#### [Supplied entries]
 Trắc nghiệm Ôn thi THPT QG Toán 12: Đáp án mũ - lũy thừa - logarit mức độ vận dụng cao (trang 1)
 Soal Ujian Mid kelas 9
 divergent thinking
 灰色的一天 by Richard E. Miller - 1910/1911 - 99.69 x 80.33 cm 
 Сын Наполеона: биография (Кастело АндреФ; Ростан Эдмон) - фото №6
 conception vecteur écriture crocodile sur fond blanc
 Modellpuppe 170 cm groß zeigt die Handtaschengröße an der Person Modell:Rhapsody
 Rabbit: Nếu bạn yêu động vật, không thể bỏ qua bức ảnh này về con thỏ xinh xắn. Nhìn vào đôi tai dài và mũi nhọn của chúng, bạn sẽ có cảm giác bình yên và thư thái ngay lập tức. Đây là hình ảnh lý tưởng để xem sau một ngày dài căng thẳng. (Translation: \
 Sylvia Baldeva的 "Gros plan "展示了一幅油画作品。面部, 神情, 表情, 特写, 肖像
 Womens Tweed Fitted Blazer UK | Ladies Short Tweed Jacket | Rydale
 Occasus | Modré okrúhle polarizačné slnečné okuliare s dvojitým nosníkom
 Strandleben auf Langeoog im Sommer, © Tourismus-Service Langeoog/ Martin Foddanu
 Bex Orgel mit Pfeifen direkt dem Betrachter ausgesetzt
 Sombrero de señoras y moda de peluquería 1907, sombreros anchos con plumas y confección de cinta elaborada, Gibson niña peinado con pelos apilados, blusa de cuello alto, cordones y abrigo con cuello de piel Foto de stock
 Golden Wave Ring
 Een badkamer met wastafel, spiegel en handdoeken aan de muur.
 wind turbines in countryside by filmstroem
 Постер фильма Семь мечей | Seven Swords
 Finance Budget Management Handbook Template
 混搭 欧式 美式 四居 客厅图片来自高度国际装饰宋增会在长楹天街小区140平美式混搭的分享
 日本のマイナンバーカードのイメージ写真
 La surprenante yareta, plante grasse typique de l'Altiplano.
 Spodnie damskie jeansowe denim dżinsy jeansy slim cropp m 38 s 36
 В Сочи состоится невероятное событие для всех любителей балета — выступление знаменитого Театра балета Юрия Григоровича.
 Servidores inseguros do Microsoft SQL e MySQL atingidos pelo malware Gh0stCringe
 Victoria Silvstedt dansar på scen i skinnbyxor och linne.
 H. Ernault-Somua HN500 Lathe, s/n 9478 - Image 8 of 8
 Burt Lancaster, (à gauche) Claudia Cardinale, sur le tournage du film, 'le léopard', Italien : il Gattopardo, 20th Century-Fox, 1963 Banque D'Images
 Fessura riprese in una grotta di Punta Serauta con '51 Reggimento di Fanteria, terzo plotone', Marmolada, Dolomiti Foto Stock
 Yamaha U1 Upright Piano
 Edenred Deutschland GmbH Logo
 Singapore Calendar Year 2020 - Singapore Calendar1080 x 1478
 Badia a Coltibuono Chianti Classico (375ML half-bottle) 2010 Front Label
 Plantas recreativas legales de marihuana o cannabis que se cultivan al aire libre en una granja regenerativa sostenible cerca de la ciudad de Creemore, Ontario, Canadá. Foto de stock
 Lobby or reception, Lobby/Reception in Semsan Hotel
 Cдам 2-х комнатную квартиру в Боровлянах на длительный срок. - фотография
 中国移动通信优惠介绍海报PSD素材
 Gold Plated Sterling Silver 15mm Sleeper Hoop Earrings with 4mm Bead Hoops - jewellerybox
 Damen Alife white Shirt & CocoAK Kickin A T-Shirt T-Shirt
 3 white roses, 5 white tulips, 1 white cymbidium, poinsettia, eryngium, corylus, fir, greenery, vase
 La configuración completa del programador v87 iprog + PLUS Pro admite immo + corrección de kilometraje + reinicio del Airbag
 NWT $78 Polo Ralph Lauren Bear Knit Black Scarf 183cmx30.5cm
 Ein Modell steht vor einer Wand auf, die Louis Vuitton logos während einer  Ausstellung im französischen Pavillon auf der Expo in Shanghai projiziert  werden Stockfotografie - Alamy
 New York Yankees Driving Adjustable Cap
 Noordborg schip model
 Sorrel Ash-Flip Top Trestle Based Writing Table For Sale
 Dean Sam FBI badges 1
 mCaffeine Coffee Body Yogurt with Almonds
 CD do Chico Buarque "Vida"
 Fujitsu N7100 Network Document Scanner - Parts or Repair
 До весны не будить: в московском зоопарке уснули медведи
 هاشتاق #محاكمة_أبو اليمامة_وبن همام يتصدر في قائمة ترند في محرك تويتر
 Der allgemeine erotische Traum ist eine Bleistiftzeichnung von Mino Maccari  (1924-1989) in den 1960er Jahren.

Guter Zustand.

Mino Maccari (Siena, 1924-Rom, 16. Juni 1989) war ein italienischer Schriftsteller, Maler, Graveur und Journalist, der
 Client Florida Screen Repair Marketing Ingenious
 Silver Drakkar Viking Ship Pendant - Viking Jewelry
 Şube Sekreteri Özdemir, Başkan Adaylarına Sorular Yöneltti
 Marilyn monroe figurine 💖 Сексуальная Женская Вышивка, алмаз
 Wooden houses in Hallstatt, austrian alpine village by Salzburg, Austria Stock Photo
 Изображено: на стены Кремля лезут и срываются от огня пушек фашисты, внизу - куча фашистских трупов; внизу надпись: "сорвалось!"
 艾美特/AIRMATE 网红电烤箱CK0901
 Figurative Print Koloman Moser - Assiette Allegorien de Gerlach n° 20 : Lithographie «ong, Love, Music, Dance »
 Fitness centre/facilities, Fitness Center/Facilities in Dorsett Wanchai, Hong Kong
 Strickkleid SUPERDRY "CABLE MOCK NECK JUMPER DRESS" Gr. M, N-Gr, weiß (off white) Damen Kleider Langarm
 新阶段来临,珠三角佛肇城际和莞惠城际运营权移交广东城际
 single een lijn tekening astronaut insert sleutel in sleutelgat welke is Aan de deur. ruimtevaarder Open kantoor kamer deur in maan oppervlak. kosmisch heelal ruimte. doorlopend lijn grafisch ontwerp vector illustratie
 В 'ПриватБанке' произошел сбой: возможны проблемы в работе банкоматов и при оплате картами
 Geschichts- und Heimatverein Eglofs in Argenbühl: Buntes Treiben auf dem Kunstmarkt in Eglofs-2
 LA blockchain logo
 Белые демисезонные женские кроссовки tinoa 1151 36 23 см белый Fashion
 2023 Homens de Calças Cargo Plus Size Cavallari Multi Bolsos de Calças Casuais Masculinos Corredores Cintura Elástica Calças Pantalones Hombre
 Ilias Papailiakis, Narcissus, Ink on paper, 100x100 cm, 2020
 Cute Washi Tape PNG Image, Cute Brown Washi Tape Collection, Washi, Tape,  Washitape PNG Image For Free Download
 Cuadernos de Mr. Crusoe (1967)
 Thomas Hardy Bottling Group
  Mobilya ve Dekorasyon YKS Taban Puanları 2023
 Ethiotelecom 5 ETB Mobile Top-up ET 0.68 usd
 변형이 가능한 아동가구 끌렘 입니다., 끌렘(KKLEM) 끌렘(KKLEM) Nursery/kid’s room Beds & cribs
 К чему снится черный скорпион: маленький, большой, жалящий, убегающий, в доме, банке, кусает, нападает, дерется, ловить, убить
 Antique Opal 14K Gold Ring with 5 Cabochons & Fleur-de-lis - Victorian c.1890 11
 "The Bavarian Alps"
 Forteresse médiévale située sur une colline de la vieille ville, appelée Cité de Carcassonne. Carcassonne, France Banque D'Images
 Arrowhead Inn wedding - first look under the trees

#### [Problem]
Would you print each line of the listing again, unaltered?

#### [Output for this task]
 Trắc nghiệm Ôn thi THPT QG Toán 12: Đáp án mũ - lũy thừa - logarit mức độ vận dụng cao (trang 1)
 Soal Ujian Mid kelas 9
 divergent thinking
 灰色的一天 by Richard E. Miller - 1910/1911 - 99.69 x 80.33 cm 
 Сын Наполеона: биография (Кастело АндреФ; Ростан Эдмон) - фото №6
 conception vecteur écriture crocodile sur fond blanc
 Modellpuppe 170 cm groß zeigt die Handtaschengröße an der Person Modell:Rhapsody
 Rabbit: Nếu bạn yêu động vật, không thể bỏ qua bức ảnh này về con thỏ xinh xắn. Nhìn vào đôi tai dài và mũi nhọn của chúng, bạn sẽ có cảm giác bình yên và thư thái ngay lập tức. Đây là hình ảnh lý tưởng để xem sau một ngày dài căng thẳng. (Translation: \
 Sylvia Baldeva的 "Gros plan "展示了一幅油画作品。面部, 神情, 表情, 特写, 肖像
 Womens Tweed Fitted Blazer UK | Ladies Short Tweed Jacket | Rydale
 Occasus | Modré okrúhle polarizačné slnečné okuliare s dvojitým nosníkom
 Strandleben auf Langeoog im Sommer, © Tourismus-Service Langeoog/ Martin Foddanu
 Bex Orgel mit Pfeifen direkt dem Betrachter ausgesetzt
 Sombrero de señoras y moda de peluquería 1907, sombreros anchos con plumas y confección de cinta elaborada, Gibson niña peinado con pelos apilados, blusa de cuello alto, cordones y abrigo con cuello de piel Foto de stock
 Golden Wave Ring
 Een badkamer met wastafel, spiegel en handdoeken aan de muur.
 wind turbines in countryside by filmstroem
 Постер фильма Семь мечей | Seven Swords
 Finance Budget Management Handbook Template
 混搭 欧式 美式 四居 客厅图片来自高度国际装饰宋增会在长楹天街小区140平美式混搭的分享
 日本のマイナンバーカードのイメージ写真
 La surprenante yareta, plante grasse typique de l'Altiplano.
 Spodnie damskie jeansowe denim dżinsy jeansy slim cropp m 38 s 36
 В Сочи состоится невероятное событие для всех любителей балета — выступление знаменитого Театра балета Юрия Григоровича.
 Servidores inseguros do Microsoft SQL e MySQL atingidos pelo malware Gh0stCringe
 Victoria Silvstedt dansar på scen i skinnbyxor och linne.
 H. Ernault-Somua HN500 Lathe, s/n 9478 - Image 8 of 8
 Burt Lancaster, (à gauche) Claudia Cardinale, sur le tournage du film, 'le léopard', Italien : il Gattopardo, 20th Century-Fox, 1963 Banque D'Images
 Fessura riprese in una grotta di Punta Serauta con '51 Reggimento di Fanteria, terzo plotone', Marmolada, Dolomiti Foto Stock
 Yamaha U1 Upright Piano
 Edenred Deutschland GmbH Logo
 Singapore Calendar Year 2020 - Singapore Calendar1080 x 1478
 Badia a Coltibuono Chianti Classico (375ML half-bottle) 2010 Front Label
 Plantas recreativas legales de marihuana o cannabis que se cultivan al aire libre en una granja regenerativa sostenible cerca de la ciudad de Creemore, Ontario, Canadá. Foto de stock
 Lobby or reception, Lobby/Reception in Semsan Hotel
 Cдам 2-х комнатную квартиру в Боровлянах на длительный срок. - фотография
 中国移动通信优惠介绍海报PSD素材
 Gold Plated Sterling Silver 15mm Sleeper Hoop Earrings with 4mm Bead Hoops - jewellerybox
 Damen Alife white Shirt & CocoAK Kickin A T-Shirt T-Shirt
 3 white roses, 5 white tulips, 1 white cymbidium, poinsettia, eryngium, corylus, fir, greenery, vase
 La configuración completa del programador v87 iprog + PLUS Pro admite immo + corrección de kilometraje + reinicio del Airbag
 NWT $78 Polo Ralph Lauren Bear Knit Black Scarf 183cmx30.5cm
 Ein Modell steht vor einer Wand auf, die Louis Vuitton logos während einer  Ausstellung im französischen Pavillon auf der Expo in Shanghai projiziert  werden Stockfotografie - Alamy
 New York Yankees Driving Adjustable Cap
 Noordborg schip model
 Sorrel Ash-Flip Top Trestle Based Writing Table For Sale
 Dean Sam FBI badges 1
 mCaffeine Coffee Body Yogurt with Almonds
 CD do Chico Buarque "Vida"
 Fujitsu N7100 Network Document Scanner - Parts or Repair
 До весны не будить: в московском зоопарке уснули медведи
 هاشتاق #محاكمة_أبو اليمامة_وبن همام يتصدر في قائمة ترند في محرك تويتر
 Der allgemeine erotische Traum ist eine Bleistiftzeichnung von Mino Maccari  (1924-1989) in den 1960er Jahren.

Guter Zustand.

Mino Maccari (Siena, 1924-Rom, 16. Juni 1989) war ein italienischer Schriftsteller, Maler, Graveur und Journalist, der
 Client Florida Screen Repair Marketing Ingenious
 Silver Drakkar Viking Ship Pendant - Viking Jewelry
 Şube Sekreteri Özdemir, Başkan Adaylarına Sorular Yöneltti
 Marilyn monroe figurine 💖 Сексуальная Женская Вышивка, алмаз
 Wooden houses in Hallstatt, austrian alpine village by Salzburg, Austria Stock Photo
 Изображено: на стены Кремля лезут и срываются от огня пушек фашисты, внизу - куча фашистских трупов; внизу надпись: "сорвалось!"
 艾美特/AIRMATE 网红电烤箱CK0901
 Figurative Print Koloman Moser - Assiette Allegorien de Gerlach n° 20 : Lithographie «ong, Love, Music, Dance »
 Fitness centre/facilities, Fitness Center/Facilities in Dorsett Wanchai, Hong Kong
 Strickkleid SUPERDRY "CABLE MOCK NECK JUMPER DRESS" Gr. M, N-Gr, weiß (off white) Damen Kleider Langarm
 新阶段来临,珠三角佛肇城际和莞惠城际运营权移交广东城际
 single een lijn tekening astronaut insert sleutel in sleutelgat welke is Aan de deur. ruimtevaarder Open kantoor kamer deur in maan oppervlak. kosmisch heelal ruimte. doorlopend lijn grafisch ontwerp vector illustratie
 В 'ПриватБанке' произошел сбой: возможны проблемы в работе банкоматов и при оплате картами
 Geschichts- und Heimatverein Eglofs in Argenbühl: Buntes Treiben auf dem Kunstmarkt in Eglofs-2
 LA blockchain logo
 Белые демисезонные женские кроссовки tinoa 1151 36 23 см белый Fashion
 2023 Homens de Calças Cargo Plus Size Cavallari Multi Bolsos de Calças Casuais Masculinos Corredores Cintura Elástica Calças Pantalones Hombre
 Ilias Papailiakis, Narcissus, Ink on paper, 100x100 cm, 2020
 Cute Washi Tape PNG Image, Cute Brown Washi Tape Collection, Washi, Tape,  Washitape PNG Image For Free Download
 Cuadernos de Mr. Crusoe (1967)
 Thomas Hardy Bottling Group
  Mobilya ve Dekorasyon YKS Taban Puanları 2023
 Ethiotelecom 5 ETB Mobile Top-up ET 0.68 usd
 변형이 가능한 아동가구 끌렘 입니다., 끌렘(KKLEM) 끌렘(KKLEM) Nursery/kid’s room Beds & cribs
 К чему снится черный скорпион: маленький, большой, жалящий, убегающий, в доме, банке, кусает, нападает, дерется, ловить, убить
 Antique Opal 14K Gold Ring with 5 Cabochons & Fleur-de-lis - Victorian c.1890 11
 "The Bavarian Alps"
 Forteresse médiévale située sur une colline de la vieille ville, appelée Cité de Carcassonne. Carcassonne, France Banque D'Images
 Arrowhead Inn wedding - first look under the trees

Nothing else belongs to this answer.